Phan Thiet Airport is an airport in Thiện Nghiệp, Phan Thiết, Lâm Đồng province, Vietnam. The mixed-use facility will cost around VND10 trillion (US$435.28 million) to build. The 543 ha airport will be able to serve 500,000 passengers per year, according to the government website. It will consist of one 3,000-meter long runway and one 5,000-square-meter terminal.

In 2024, the military section of the airport has entered operations. It is currently serving as major garrisons for Vietnam Air Defence - Air Force's Regiments 920 (Yak-52, T-6C) and 915 (Mi-8), both are trainer units under the country's Air Force Officers College.

==History==
By 2017, Binh Thuan People's Committee proposed to upgrade Phan Thiet 4C Airport to level 4E, runway from 2,400 m to 3,050 m in length to be able to exploit international flights in the future. One year later, the project approved by the Prime Minister is one of 15 domestic airports in the country with a 4E grade civilian airport combined with level 1 military airport.

On 5 April 2021, Phan Thiet airport project in Thien Nghiep commune resumed for construction by the Vietnam's Ministry of Defense, the project will be completed by the end of 2022. Phan Thiet Airport was approved by the Prime Minister in 2009, covering 543 hectares. It was started in early 2015 and expected to be completed in 2018, but then stopped.

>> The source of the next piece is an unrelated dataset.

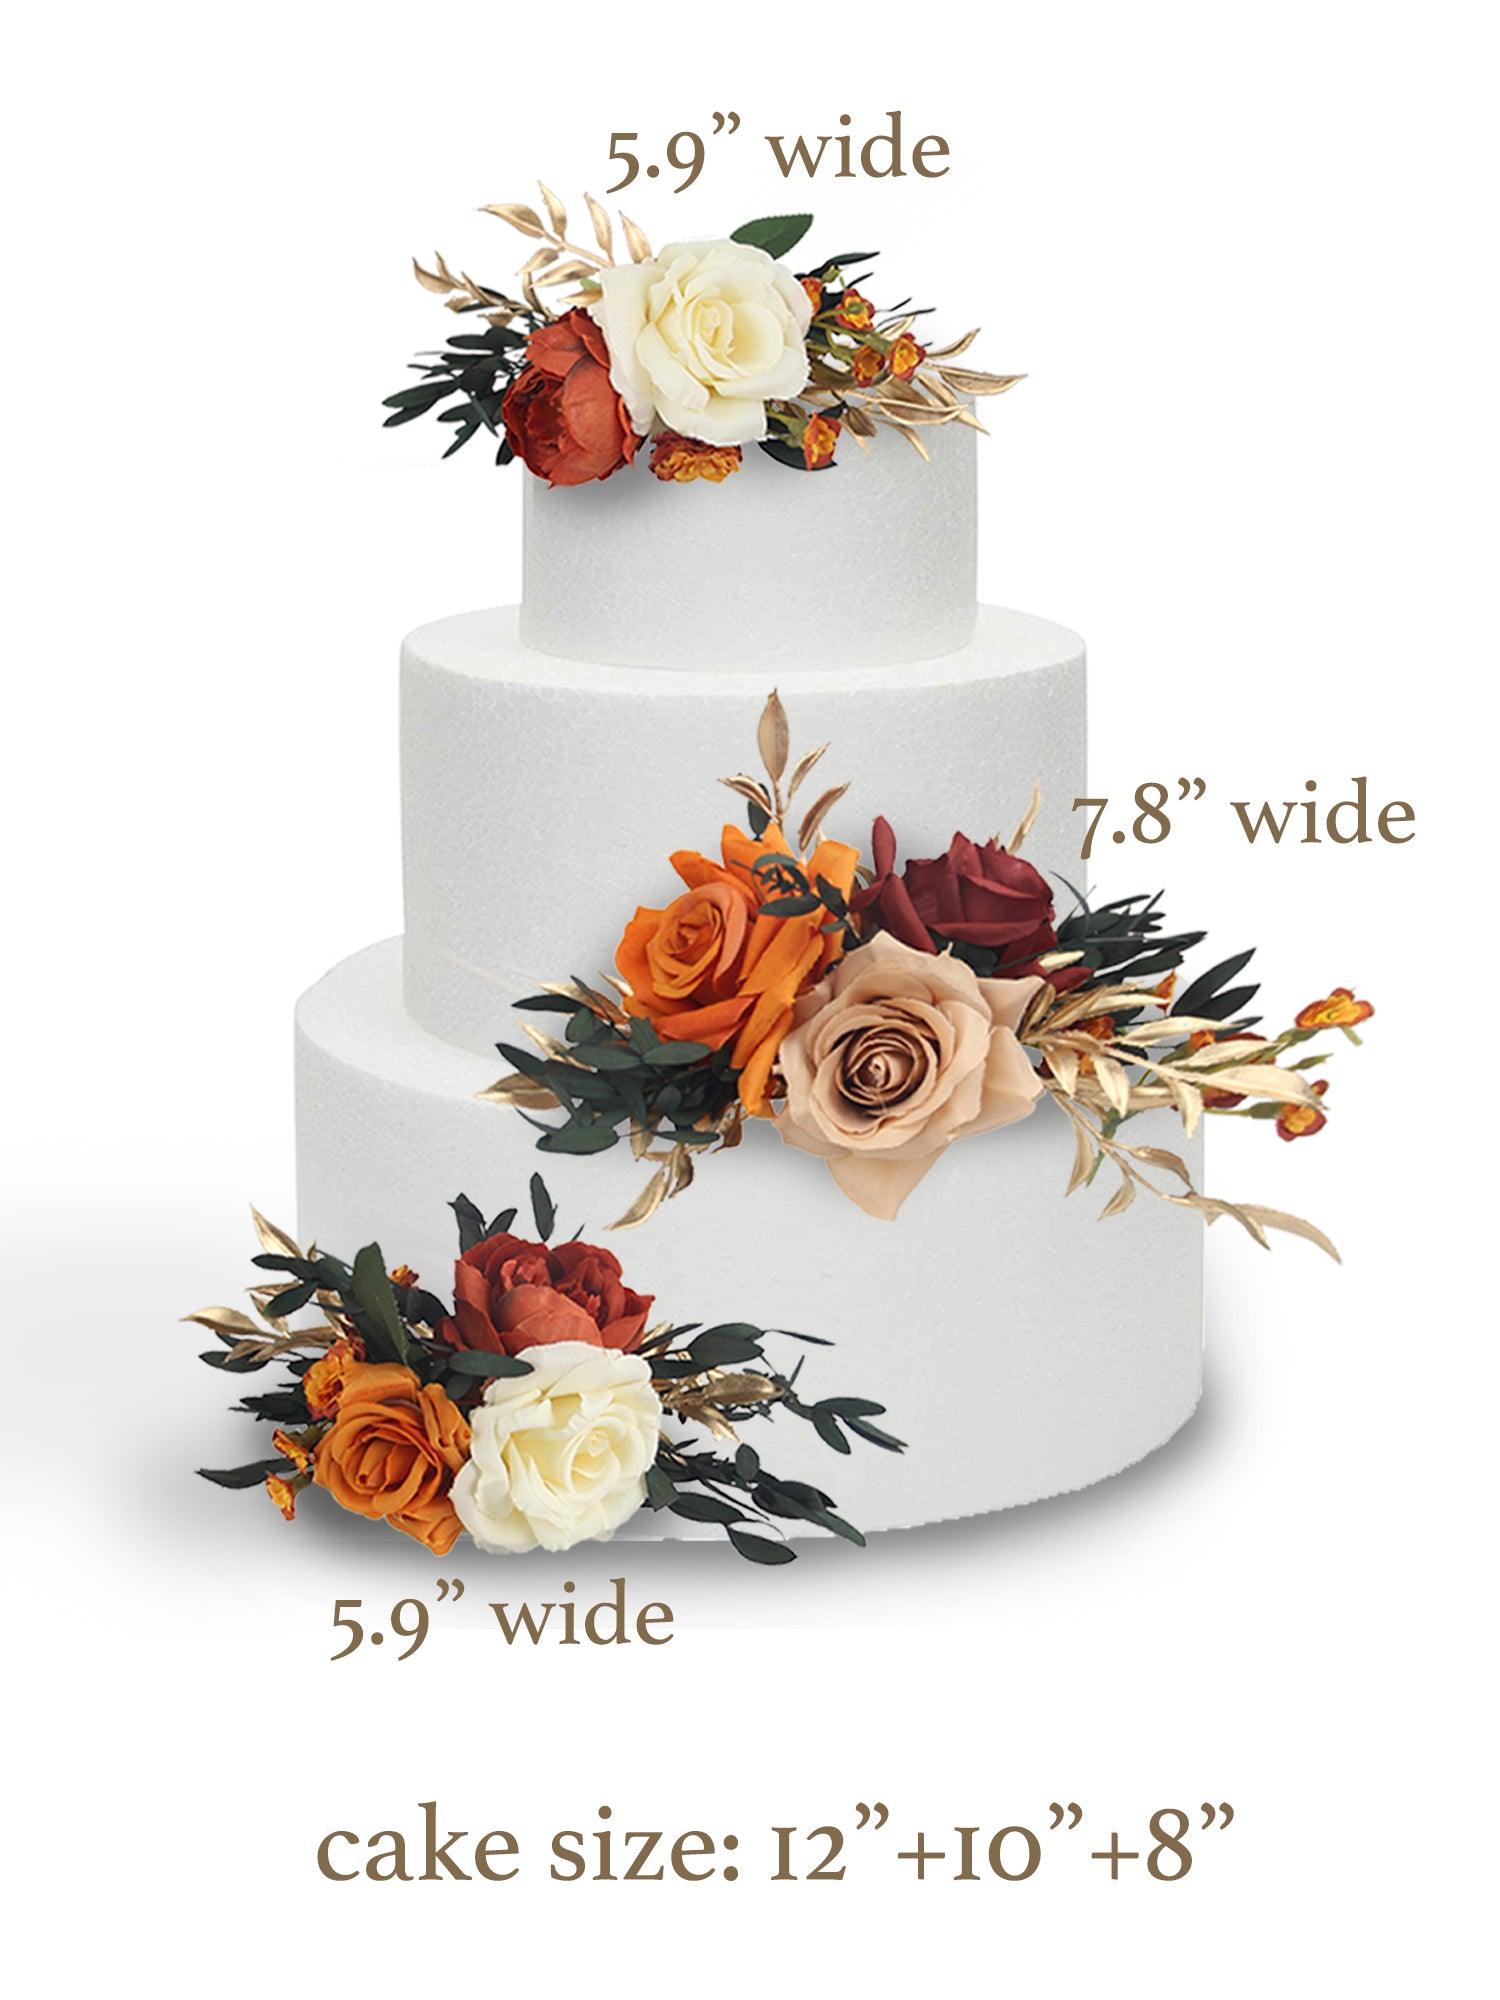 Black Roses edible cake decorations wedding birthday anniiversary flowers

On 29 July 2024, the Vietnam People's Air Force (VPAF) 920th Air Training Regiment of the Air Force Officer's College finished moving all of its Iak-52 trainer aircraft from its old base at Cam Ranh International Airport to the new base at airport. Before that, on 17 July, the 920th Regiment, together with the 918th Transport Regiment, conducted a series of calibration flights to test out equipment at the airport. The 920th Regiment will operate Yak-52s and T-6 Texan IIs at the airport.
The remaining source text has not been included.